# [PROMPT]
Would you restate the full listing word for word and omit its pictures?

# [EXERCISE DATA]

■ ■ ■ ■ ■

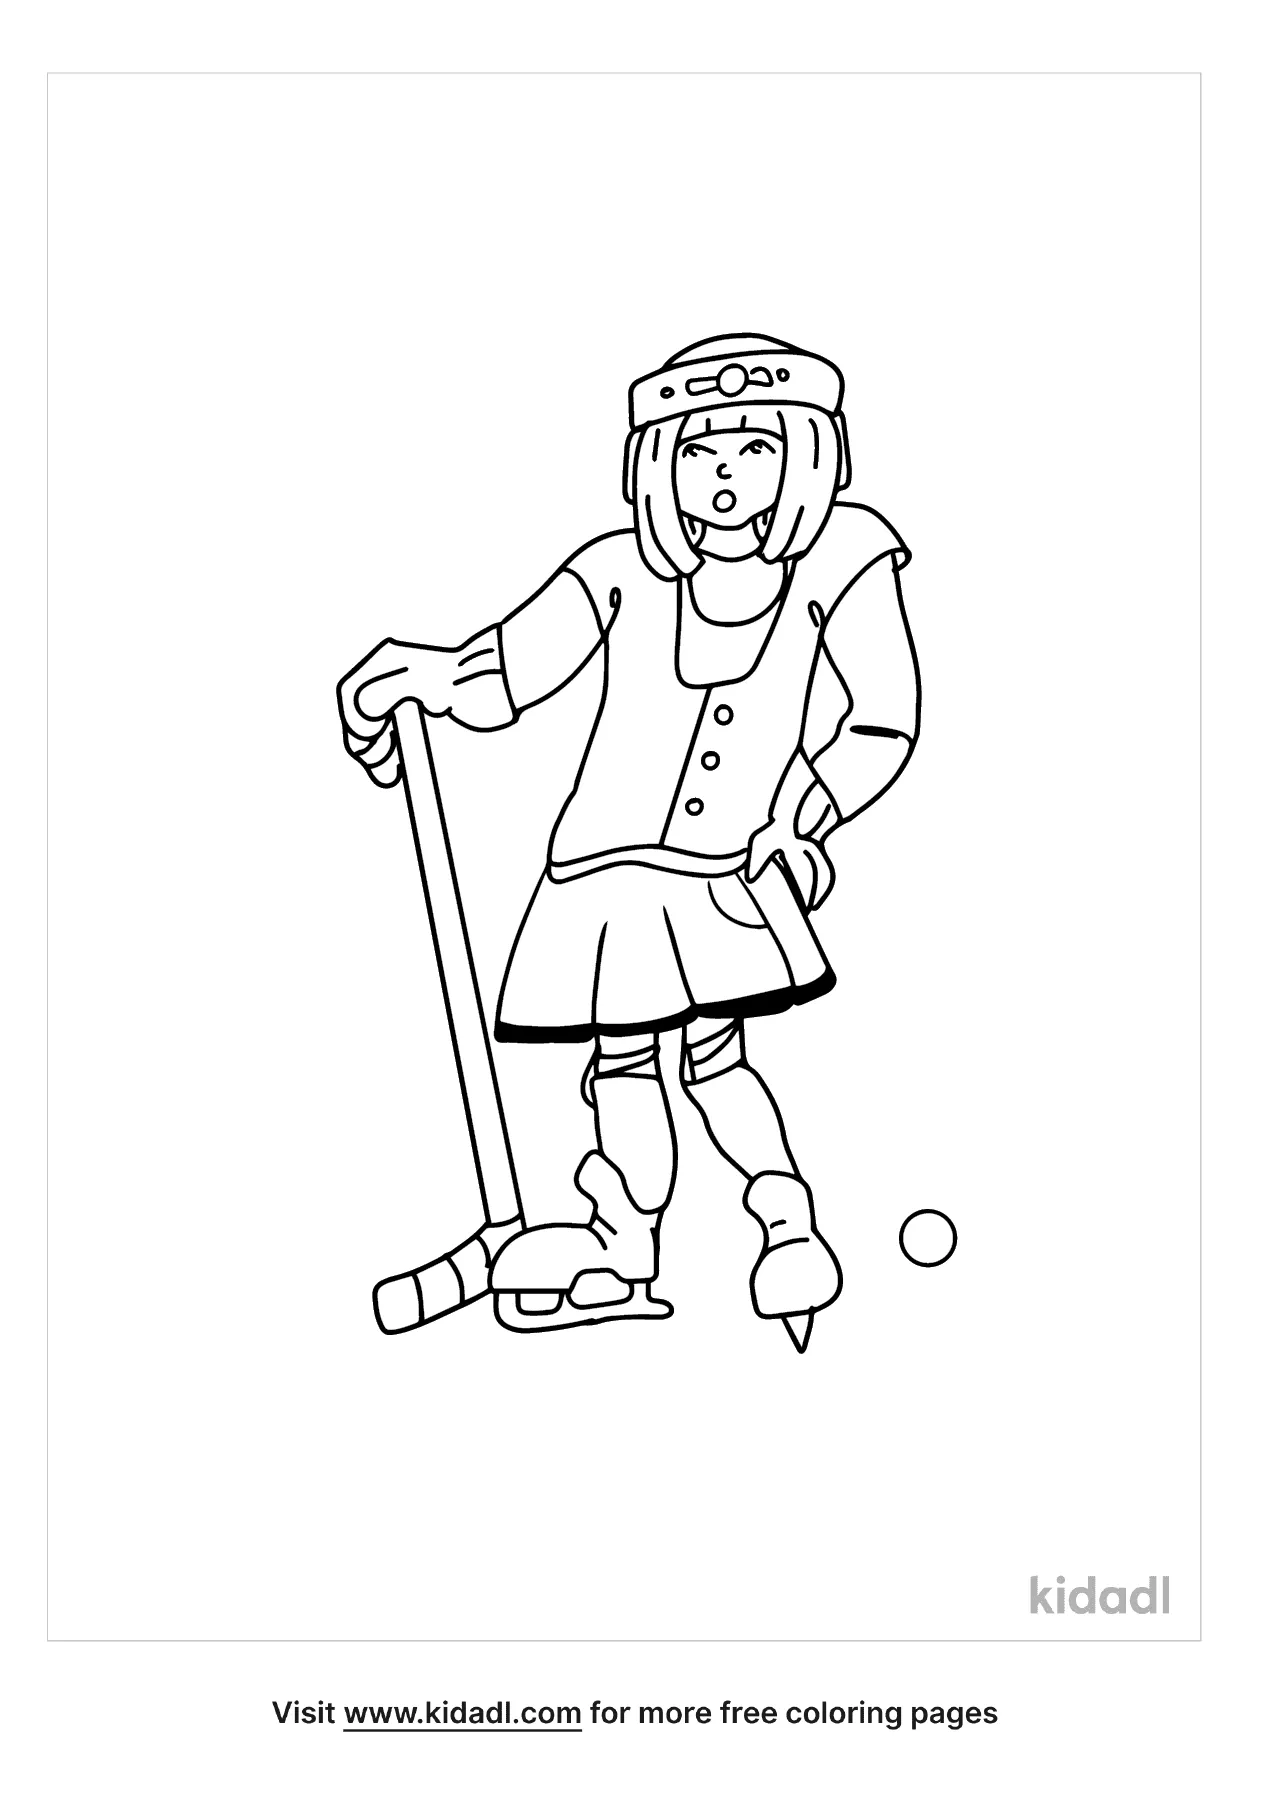 Hockey Player Coloring Pages Free Sports Coloring Pages Kidadl
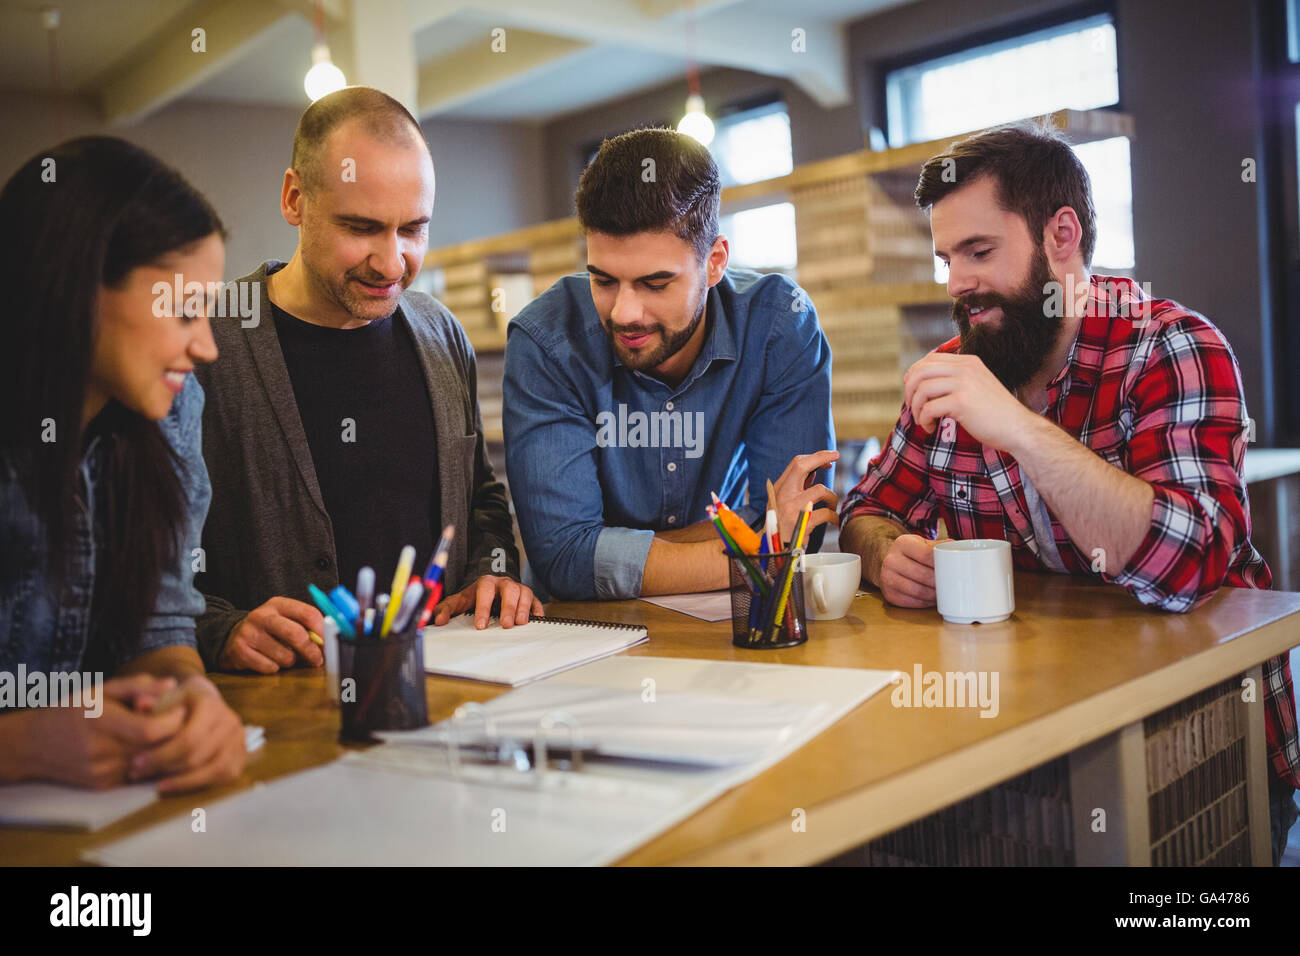 Creative business people discussing at table Stock Photo
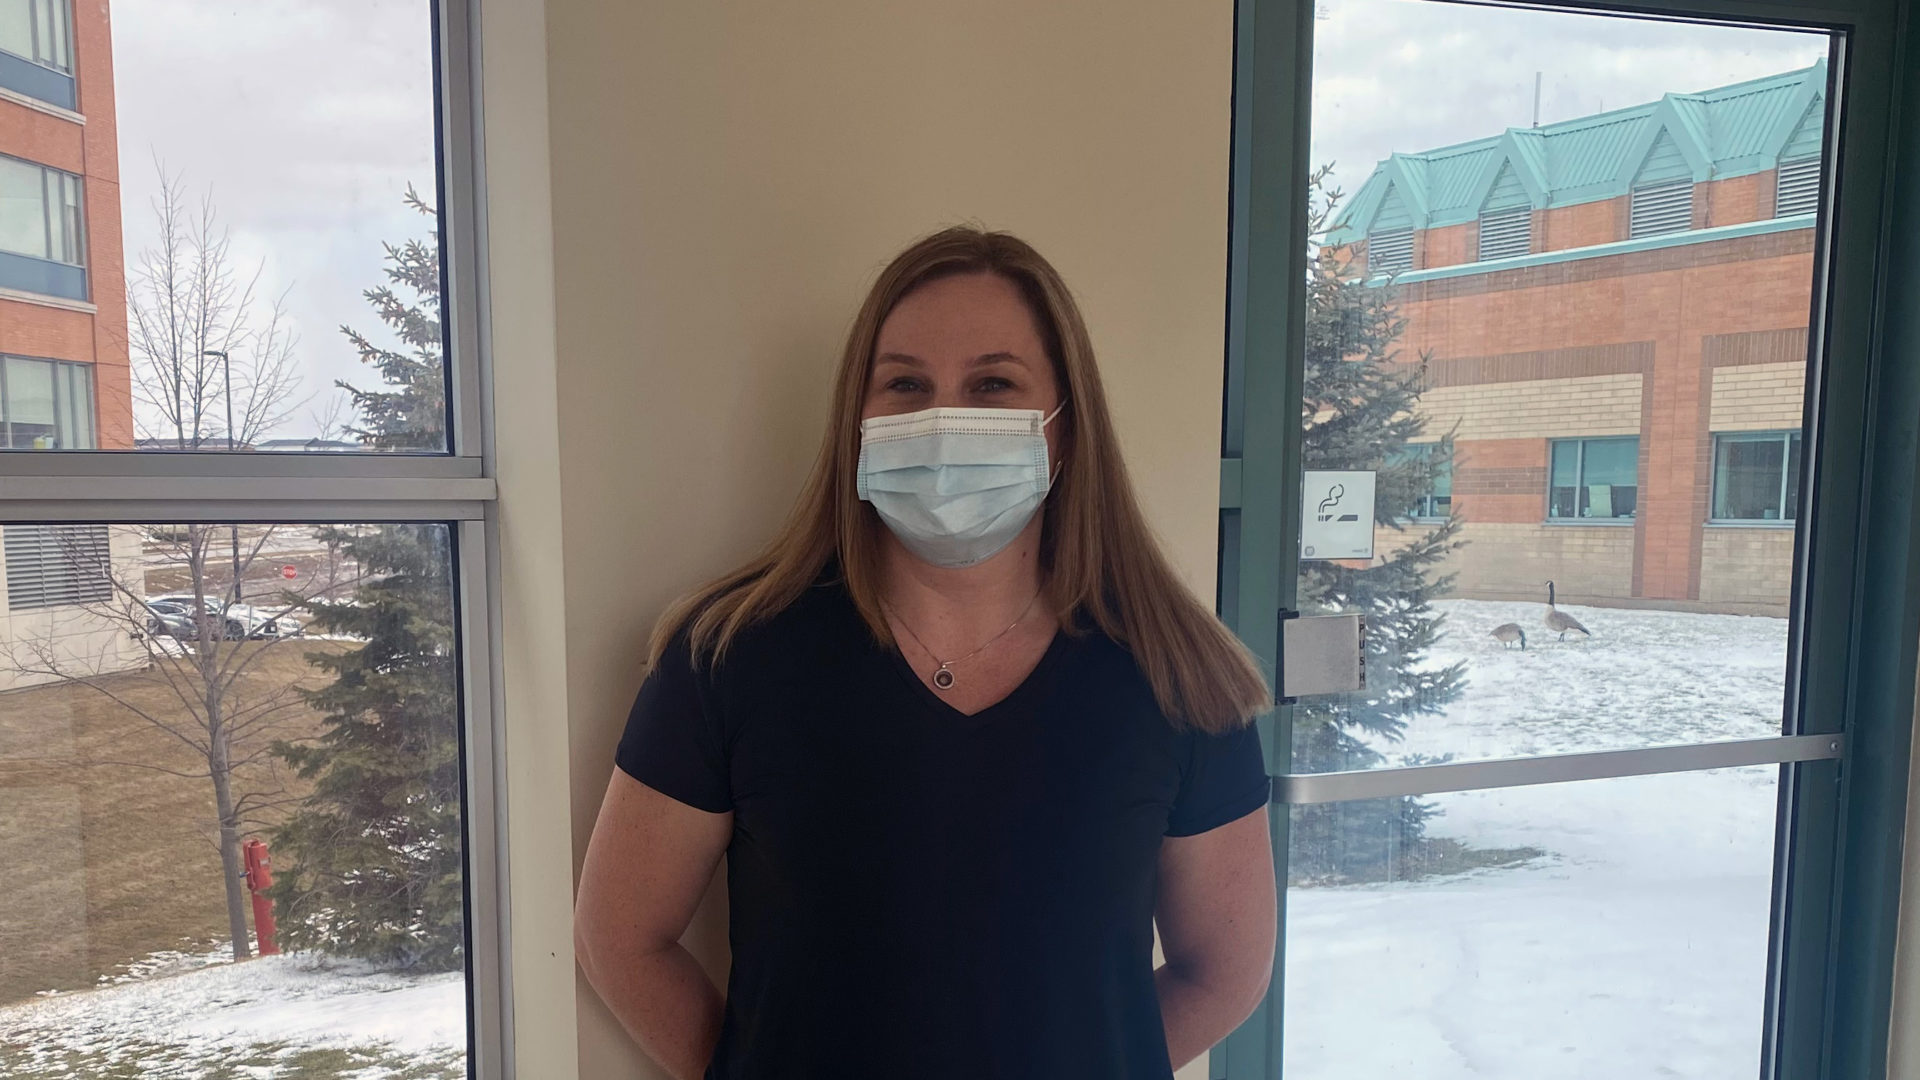 Cindy Stortz, standing against a wall in the hospital, wearing a black shirt, medical mask, and medium length blond hair
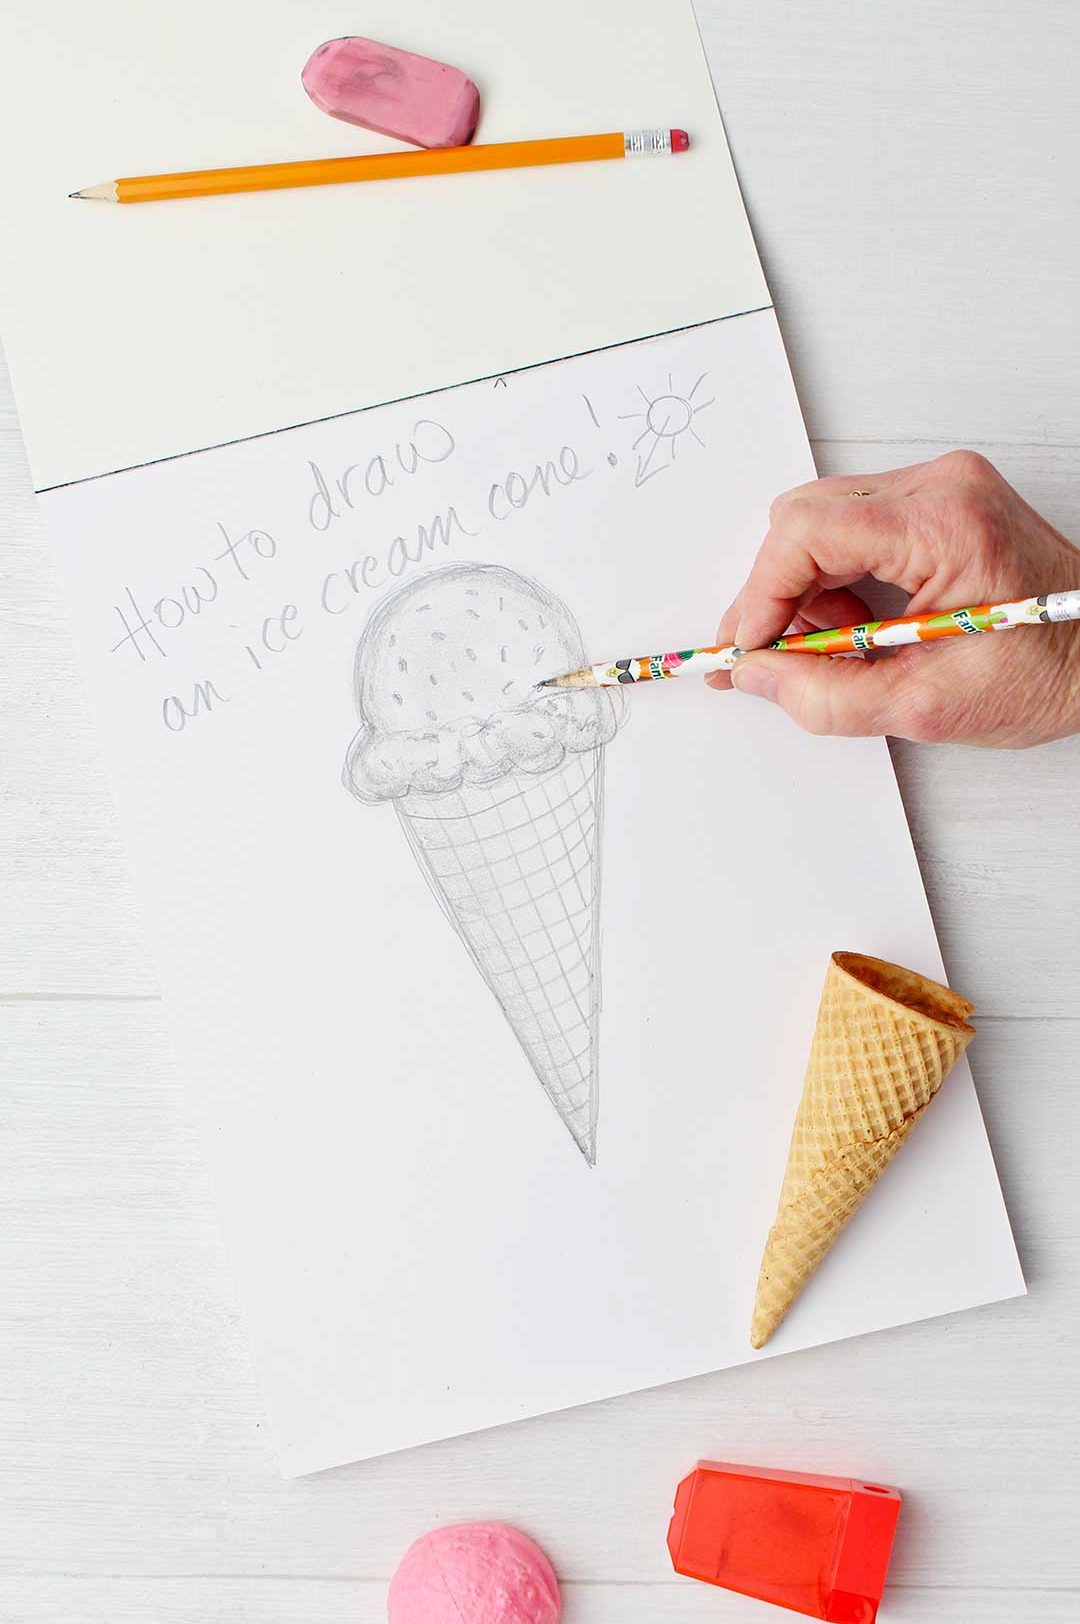 Hand sketching final touches of sprinkles on ice cream cone sketch.

■ ■ ■ ■ ■

# [ANSWER FOR THE TASK]
 Hockey Player Coloring Pages Free Sports Coloring Pages Kidadl
 Creative business people discussing at table Stock Photo
 Cindy Stortz, standing against a wall in the hospital, wearing a black shirt, medical mask, and medium length blond hair
 Hand sketching final touches of sprinkles on ice cream cone sketch.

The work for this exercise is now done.